Similar to CRP and LDH, ALP is another accepted biomarker of systemic inflammation. ALP is a ubiquitous enzyme that is primarily secreted from the liver, bone, and a wide variety of tumors.39–41 ALP levels often increase together with CRP or LDH levels, such as in metabolic syndrome and some types of cancers. ALP has been identified to serve as a reliable indicator for the prediction of prognosis associated with several malignancies, including NPC.21,32,41 Currently, the exact mechanisms and functions through which ALP is associated with tumor progression remain undefined; however, elevated tumor-derived ALP has been demonstrated to regulate cancer cell proliferation, death, and epithelial plasticity.42,43 These findings suggested that ALP could be a potential therapeutic target, and recent studies have shown that bone-targeted ALP can act as a form of enzyme replacement therapy for hypophosphatasia, highlighting the promising role of ALP as a therapeutic target.44

In addition to the vital roles played by the mediators mentioned above, systemic inflammation has also been correlated with malnutrition, muscle loss, and cachexia development.45 Many lines of evidence have revealed that the activation of a sustaining, chronic, systemic inflammatory response represents one of the earliest and most essential contributing factors for the development of cachexia.46 High levels of circulating cytokines and chemokines play crucial roles in driving the interplay between systemic inflammation, tumor progression, and cachexia.3 Therefore, patients who present with severe systemic inflammation are more likely to suffer from malnutrition. In our study, patients associated with a high risk of malnutrition were also associated with worse survival, in agreement with the findings of several previous studies of nonmetastatic NPC.13–16 Because nutritional status has significant impacts on prognosis, the identification of patients who are at high risk of malnutrition and providing nutritional intervention as early as possible is essential to improving disease outcomes.

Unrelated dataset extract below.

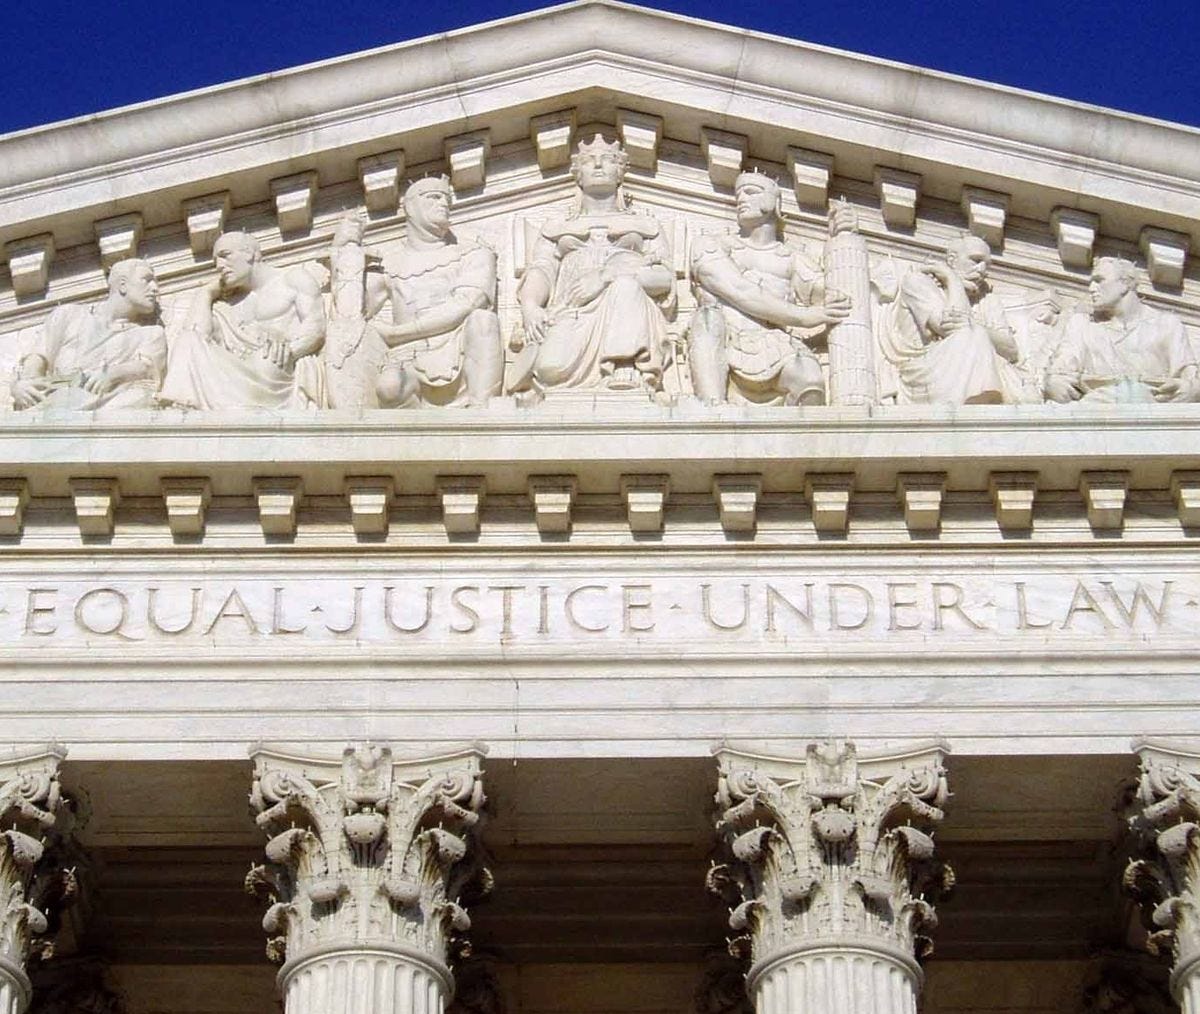 Equal justice under law - Wikipedia

The present cohort study has some inevitable limitations. First, this study was performed as a retrospective study, which is associated with the inherent potential for selection bias. Second, the study population was based on patients who had the appropriate measurements of the selected markers; thus, the patient cohorts used in this study are not necessarily representative of all cancer patients who are diagnosed and treated at our institution. Finally, patients who have cancer might also have been diagnosed with some accompanying diseases that can cause changes in the investigated markers, such as metabolic syndrome, hepatic diseases, and skeletal disease. In the current study, 138 (30%) patients were presented with comorbidities, including 43 (9.4%) hepatitis, 22 (4.8%) hypertension, 15 (3.3%) diabetes. Notably, our exploratory sensitivity analysis ( and ) revealed that our findings were quite robust, regardless of comorbidity status. Therefore, the effectiveness of the PNII score would not be hampered by the non-cancer related inflammation in this study.

Conclusion

In conclusion, we developed a clinically useful risk-scoring system based on four readily ascertainable factors that were able to predict the efficacy of first-line chemotherapeutic and survival outcomes for patients with de novo mNPC. This system may help clinicians determine the necessity of personalized treatment strategies before the initiation of first-line treatment. Further external verification of this scoring system remains necessary.